International service - While folks going from PVD to PHL might not pay more to fly US, if they are connecting to a flight to LGW US should be able to charge more per mile for the PVD-PHL leg - again the convenience (only have to buy one ticket, don't have to claim baggage and recheck it, etc) carries a price. And this leads to...

Interlining - wheither changing carriers as above or as better back-up protection for cancelled/delayed flights, this is worth some premium.

Clearly you have to match fares with the LCC where you compete head to head - on a portion of your seats. But your top fares can be higher (in coach) than the LCC in head to head markets and all fares can be higher in non-competitive markets. Of course, F/C can be higher in all markets.

The $64 Million question is how much more - clearly not as much as in the past.

Jim

ps - the big similiarity between hotels and airlines is the perishability of the product. You can't sell a hotel room on a given night once that night is over and you can't sell a seat on a flight once the plane leaves the gate. But you can't go to Days Inn and ask for the 5-star suite or the La Quinta and call room service - if you want those things you go to a different hotel. Network carriers attempt to be all things to all the people riding the same airplane, whether they want the lowest fare, a F/C seat, an international destination, etc. Of course, Days Inn or La Quinta could add luxury suites, room service, etc, but they have to be paid for one way or another.
 
BoeingBoy said:
Service to markets without LCC service - folks in Harrisburg PA going to Raleigh NC can either fly a network carrier from the local airport or drive to BWI (soon PHL) and fly a LCC. Convenience carries some price.
And a price that is apparently too high to be sustainable.

The $64 Million question is how much more - clearly not as much as in the past.
Nope. And will they be willing to pay ~75% more for FC than for the average coach seat? That seems to be the amount of increased cost.

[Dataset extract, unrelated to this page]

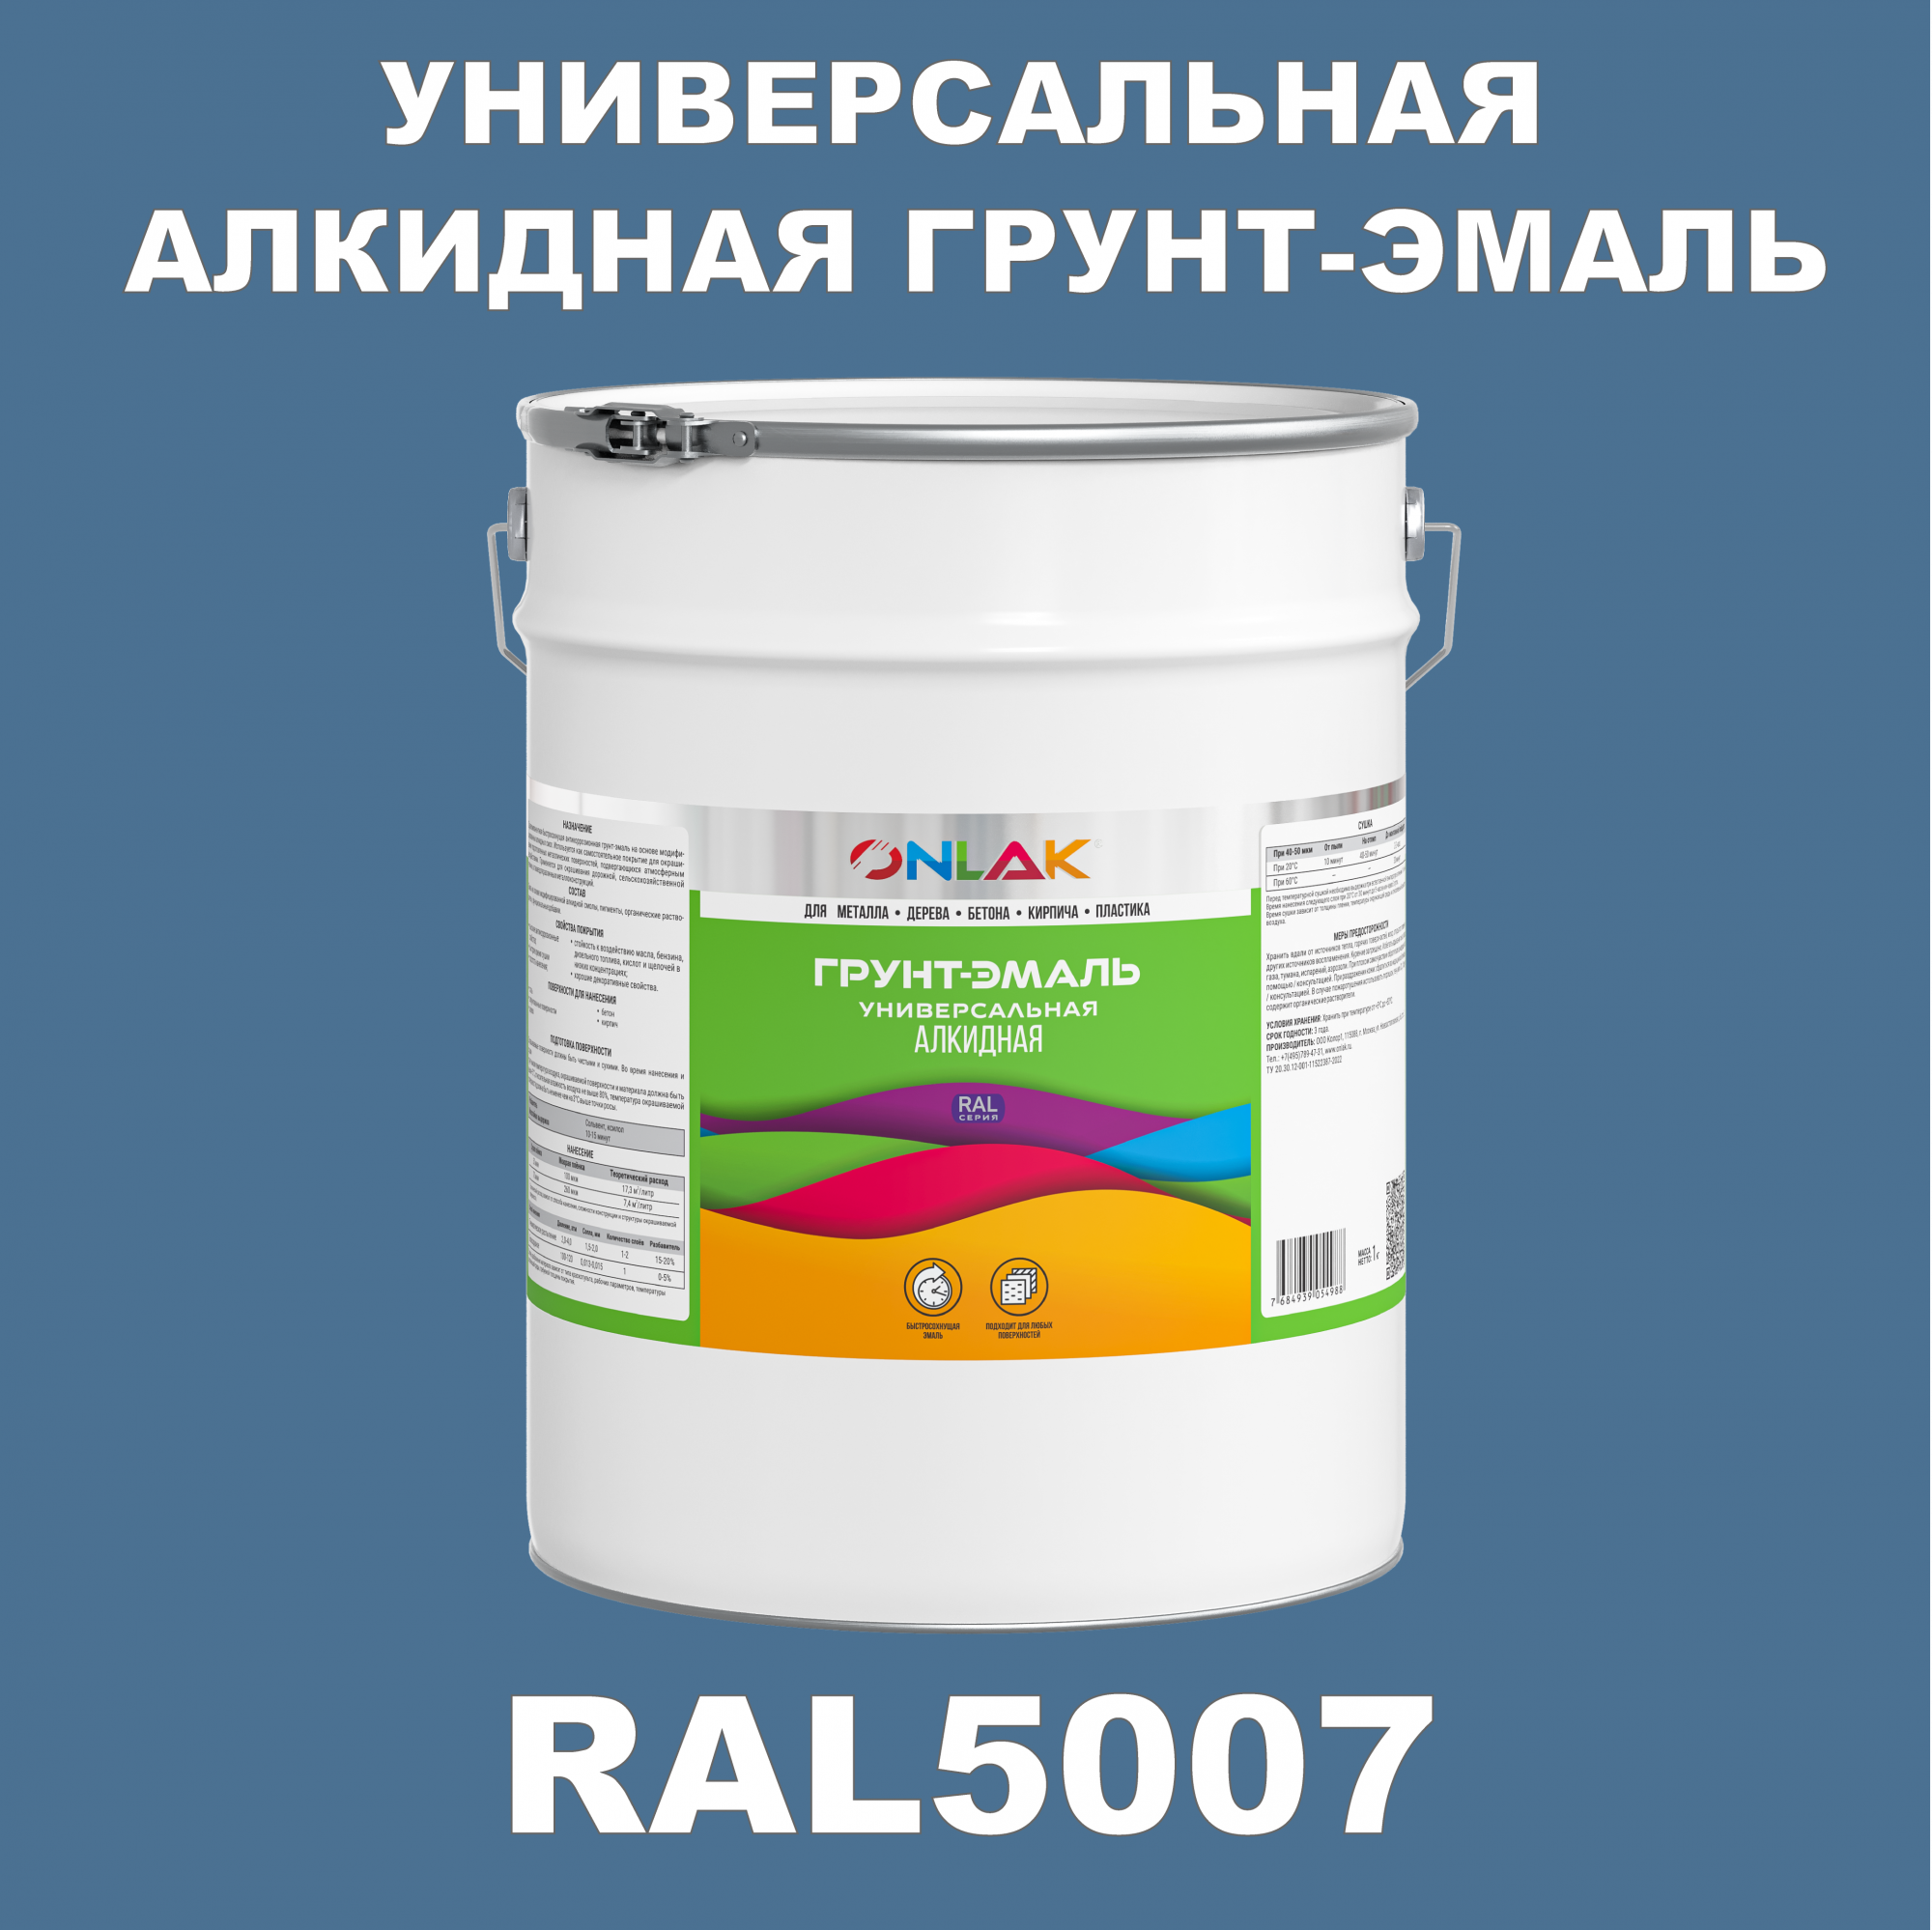 Грунт-эмаль ONLAK 1К RAL5007 антикоррозионная алкидная по металлу по ржавчине 20 кг грунт эмаль yollo по ржавчине алкидная синяя 0 9 кг

Hey, you know what? That accounts for a portion of increased CASM, doesn't it? In the not too distant past, FC made up about 8% of all mainline seats, which would make those seats cover about 12% of the total cost. I wonder if that's where this silly "maybe we should get rid of FC" idea comes from? I mean, it's totally counterproductive, but that might be the source of the idea.
 
mweiss,

You are correct, of course - having F/C increases CASM. 12 F/C seats could be 18 coach seats even if the extra pitch was retained. For comparison, US 737-300's have 126 seats (114 coach, 12 f/c) while WN's 737-300's have 137 seats. US A320's have 142 seats while JB's have 156.

When you combine the lower capacity of the aircraft when you have F/C with the amount of F/C seats actually sold, the result is the thought that maybe the F/C cabin should be downsized or eliminated. Of course, the better answer is to sell more of those F/C seats by any or all of several methods.